Friday, February 12, 2010

What do you do when one child hurts another, pt. 2

I was delighted to read yet another excellent advice column by Marguerite Kelly (Family Almanac, Washington Post) in today's paper that supports and enhances my thoughts on this subject from Feb. 5th. This column is entitled "Little giant shouldn't be a big bully." The question surrounds a parent's concern about aggressive behavior by her 7 year old towards his little brother and his overall interest in gun play and other violent games; Marguerite Kelly points out that playing with imaginary or toy guns is developmentally "right on" for his age, but the catch is:

You should worry, however, if your son plays violent games more often than most boys his age and if he is more aggressive than they are and teases and taunts other chilren more than they do. A child likes to play with toys that suit his talents, his temperament and his age, but the way he plays with them reflects the way he feels about himself. And clearly your big little boy doesn't feel great.

I highlighted the words above that I'd like to run with: it's our job as parents and educators to pay heed to our children, to be alert to what they are telling us that they are probably not expressing in words. What's that classic Momism - "Actions speak louder than words"? With children, this is always true. You must help the child express himself appropriately, you must figure out the source of his pain, frustration, worry, or concern. Again, from Marguerite Kelly:

. . . drop the lectures and start listening to the boy. Choose a time when the two of you can be together, then turn off the TV, the phone and your cellphone and give him your full attention.

First ask him, gently, how he feels when he gets aggressive or teases his little brother. What sets him off? And how does he feel afterward? Is he pleased with himself? Or does he feel ashamed? Or guilty? And why? If you give your son plenty ot time to answer your questions, and keep your judgements to yourself, he will tell you how he feels, deep inside - if not in this conversation, then in the next one - and what he plans to do about it.

With this advice, you are focusing on being with your child with the goal of unlocking what he has bottled up inside him.

I am a huge proponent of simple togetherness every day. If you take the opportunity to have focused play time with your child on a daily basis - a time when you put your work and concerns aside and simply follow your child's lead - you will be laying a strong, resilient foundation for this little child, for your family, for your classroom.

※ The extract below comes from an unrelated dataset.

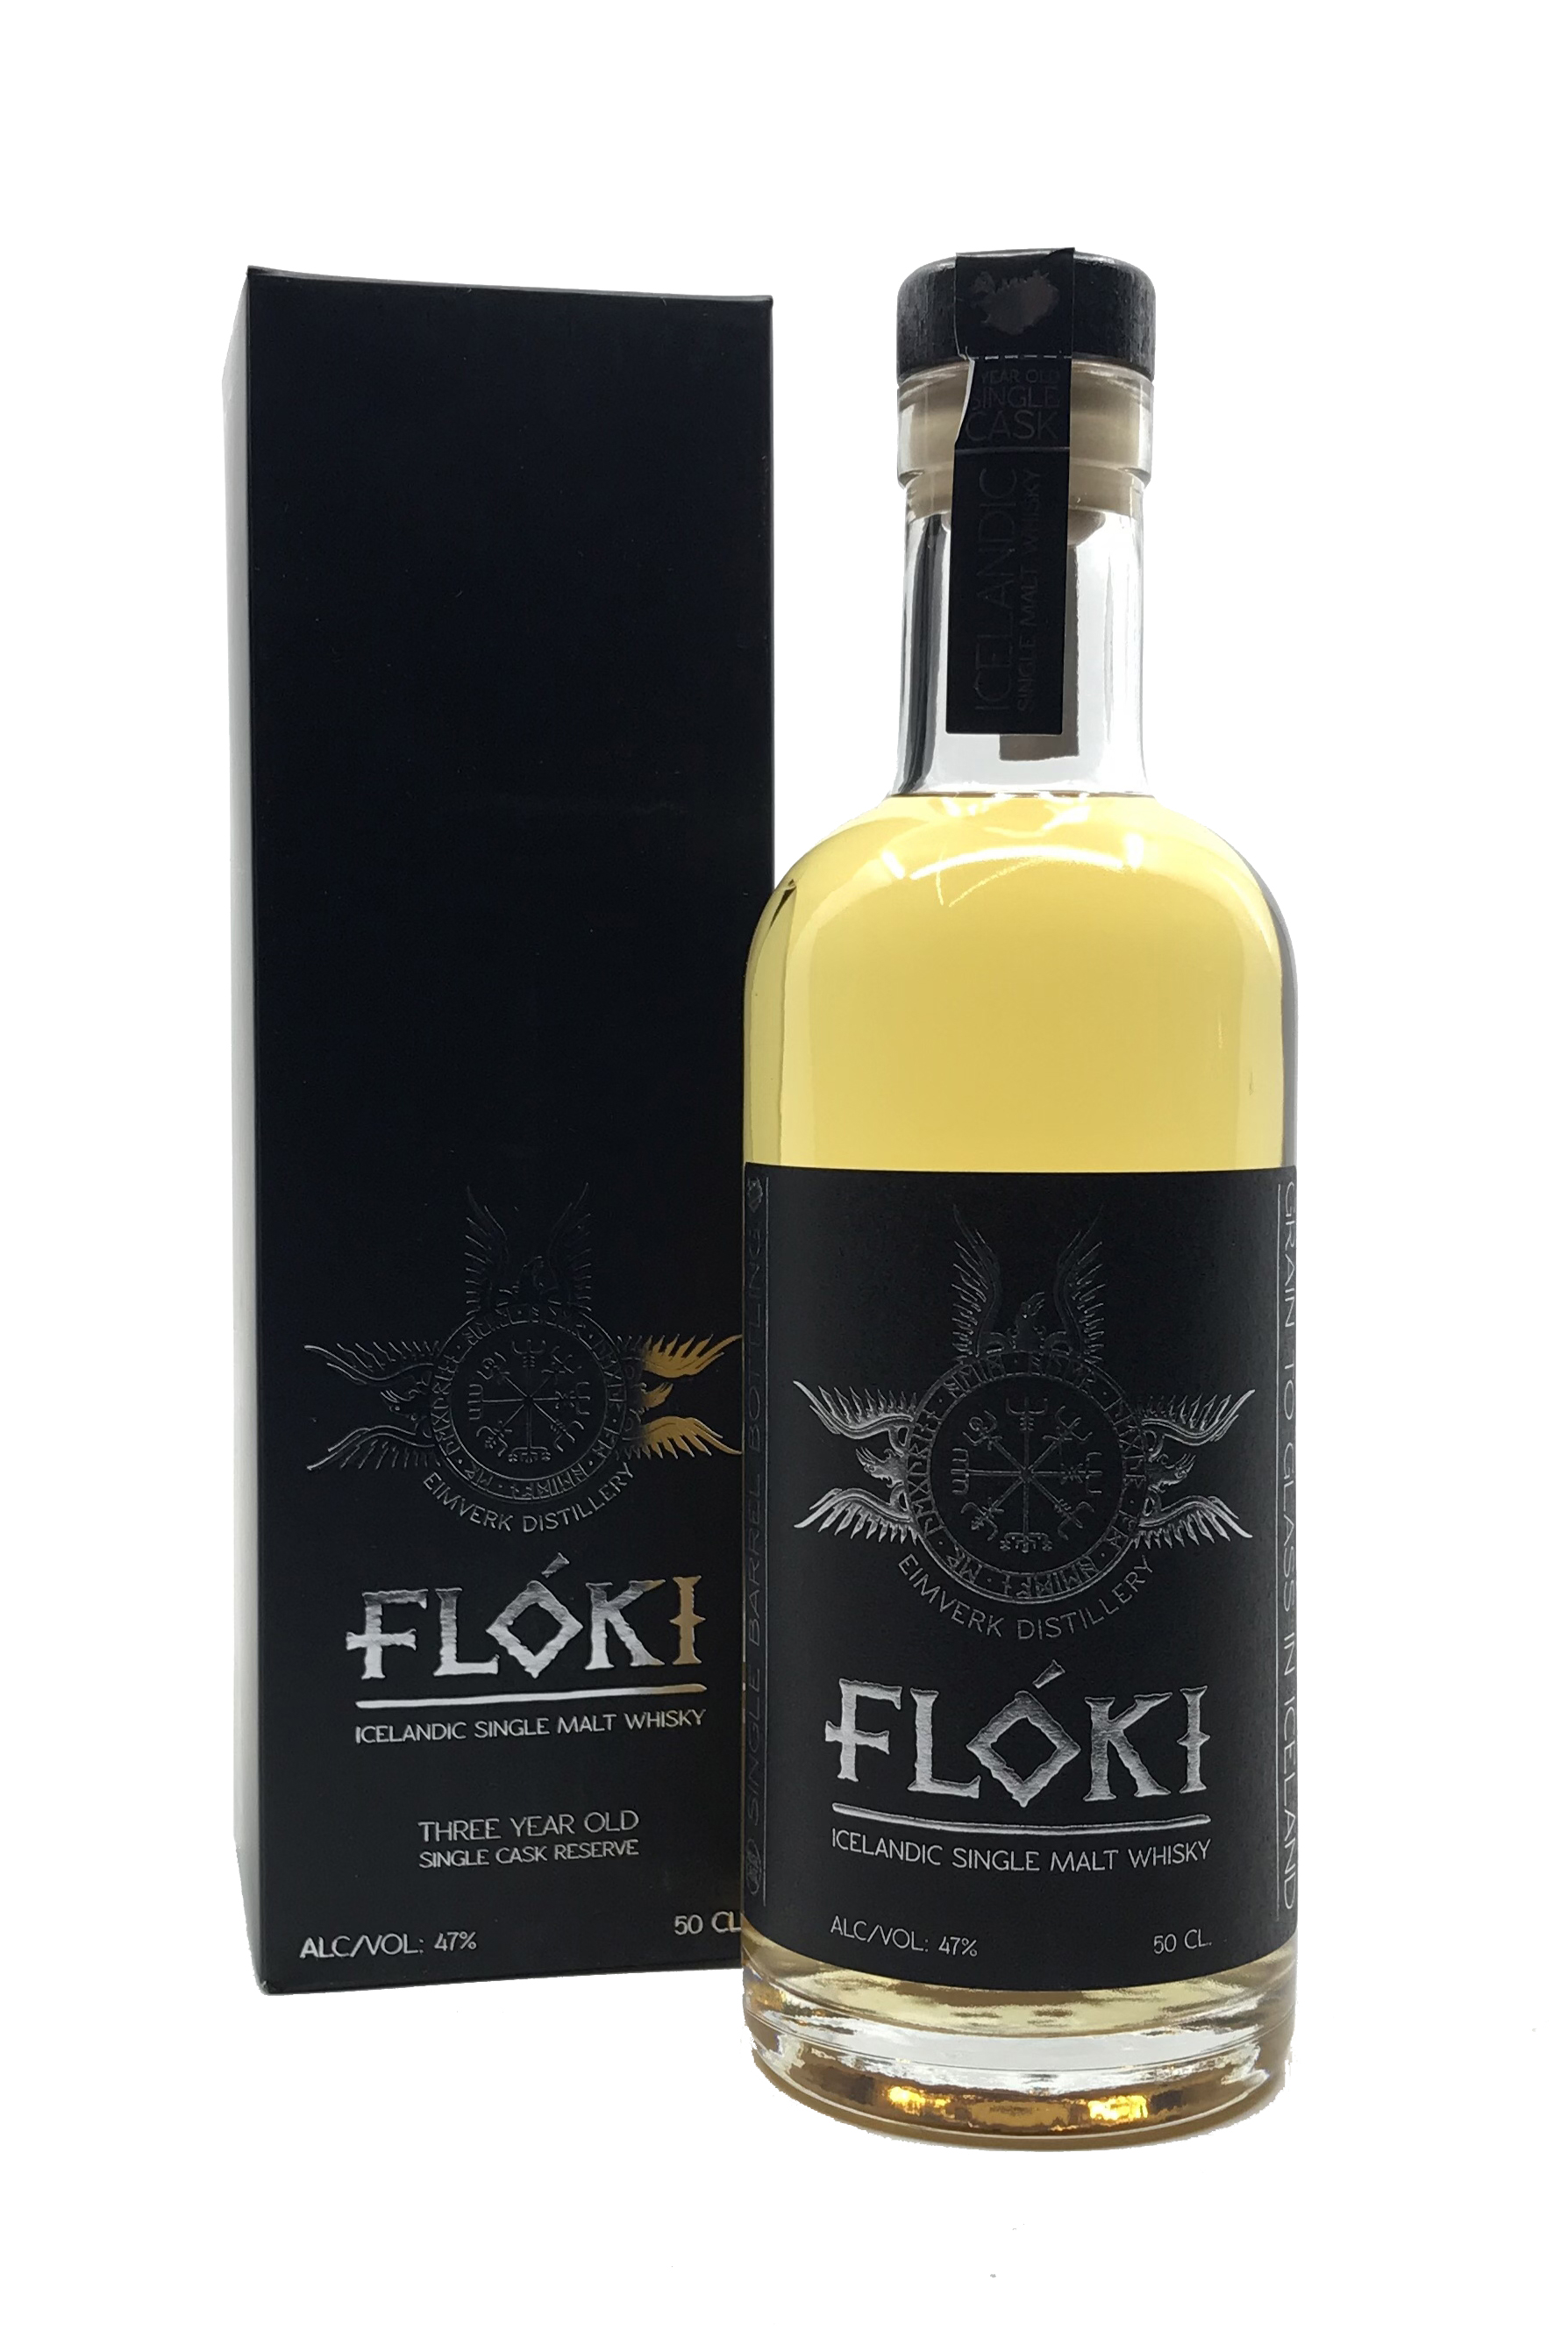 Floki Icelandic Single Malt Whisky - 47% vol. Alk. - 0,5l - Whisky aus Island - Front

Dr. T. Berry Brazelton refers to this as "floor time" and notes that you don't need more than 15-20 minutes of this child-led play each day. But the benefits are enormous. You will strengthen your relationship with him, open up lines of communication, and send your child the message that his interests are respected. You will have all this to fall back on when stressors occur. (And we know they will!)

I hear teachers screaming "Oh, come on now, how do you find 20 minutes per child?" Well, you are right. In my 4 hour teaching day, I can't spend 15-20 minutes on each child. But, I keep a mental checklist of time in with each of my students; every day, during our free play period, I hone in on one child, rotating my way through all the kids in my class. I believe I spend probably 10 minutes with each child during one 3-day teaching week. And this time isn't "scheduled into the daily plan" - I don't broadcast it to one and all: "Ms. Maureen is playing with John now!". I simply sidle up to a child and ask if I can play, too. I follow that child's lead, I let him decide what we are playing. I build blocks, I have tea parties with dolls and bears, I paint at the art tables, I race cars down cardboard tubes, I make muffins out of playdough. I always have a lot of laughs - and I am so heartened by the conversations I have with these children, hearing, really, the stuff of their lives "You be hurt, Ms. Maureen and I'll be the princess mommy with the baby who takes care of you." Follow your child's lead.

And see if some of your household and classroom tension goes away.

I'll close here, but I encourage you to check out Marguerite Kelly's column every Friday in the Washington Post Style section. I've been a fan of it for years.